A context window is not a magical bag of useful text. It is a lossy data interface with consequences.
Context is a data product
Teams usually build contracts for tables, APIs, and events. AI systems need the same discipline for context payloads. The model receives a bounded package of source data, metadata, instructions, examples, and retrieved material. That package has a source path and a failure mode.
W3C PROV gives a vocabulary for provenance. OpenLineage gives a model for jobs, runs, datasets, and facets. DataHub describes contracts as verifiable guarantees about data assets. AI-ready context should borrow that discipline instead of pretending prompts are exempt from data engineering.

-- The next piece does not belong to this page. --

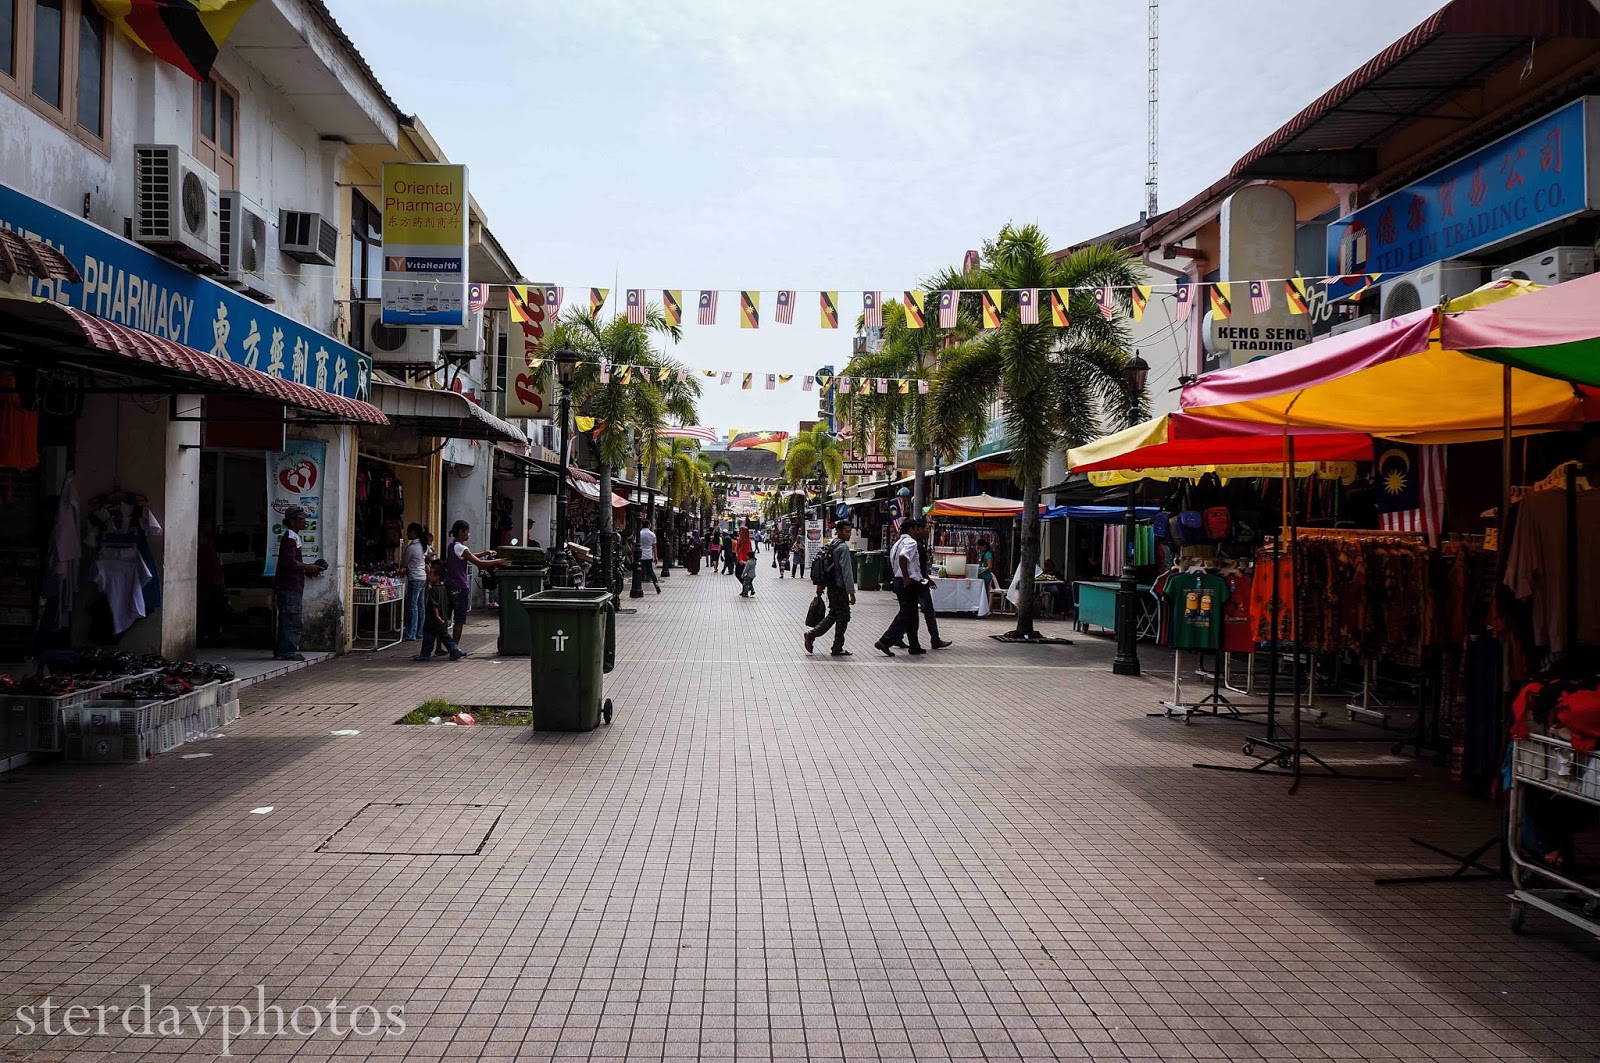 Sterdavblog: Walks In Kuching

The contract must cover loss
A context contract should name source, owner, freshness, allowed use, transformation path, ranking method, truncation behavior, policy status, and evaluation evidence. Truncation matters because context windows are finite. Something gets left out. The contract should say what can be omitted, what must be retained, and when the system should refuse to answer.
This is especially important for agentic workflows. An agent that acts on incomplete context can create a real-world side effect, not just a weak answer.
Core idea: Context windows need data contracts because every context payload is a governed data product in miniature.
The ODI context pattern
Open Data Infrastructure connects the raw material a context window needs: catalogs, lineage, access policy, freshness, quality signals, and data product ownership. The context layer should package that evidence with the answer path.
For adjacent context, read AI-ready context, context provenance receipts, and why the context window is not the data layer.
What breaks first
- Retrieved text has a source link but no freshness or policy status.
- Context is truncated without preserving required fields or denial reasons.
- Evaluation failures cannot be connected to the specific context payload used.
- Agents treat examples as current data because the context contract does not distinguish them.
Questions to ask
Ask what the context contract guarantees, what it allows the system to omit, and when missing context should trigger refusal. Ask whether every context payload can be tied back to source, policy, and evaluation records.
The context window is small. The contract around it cannot be.
Sources to start with
These primary sources anchor the technical claims in this guide.
- W3C PROV overview
- OpenLineage object model documentation
- OpenLineage facets documentation
- DataHub data contract entity documentation
A context payload without a contract is just a guess with formatting.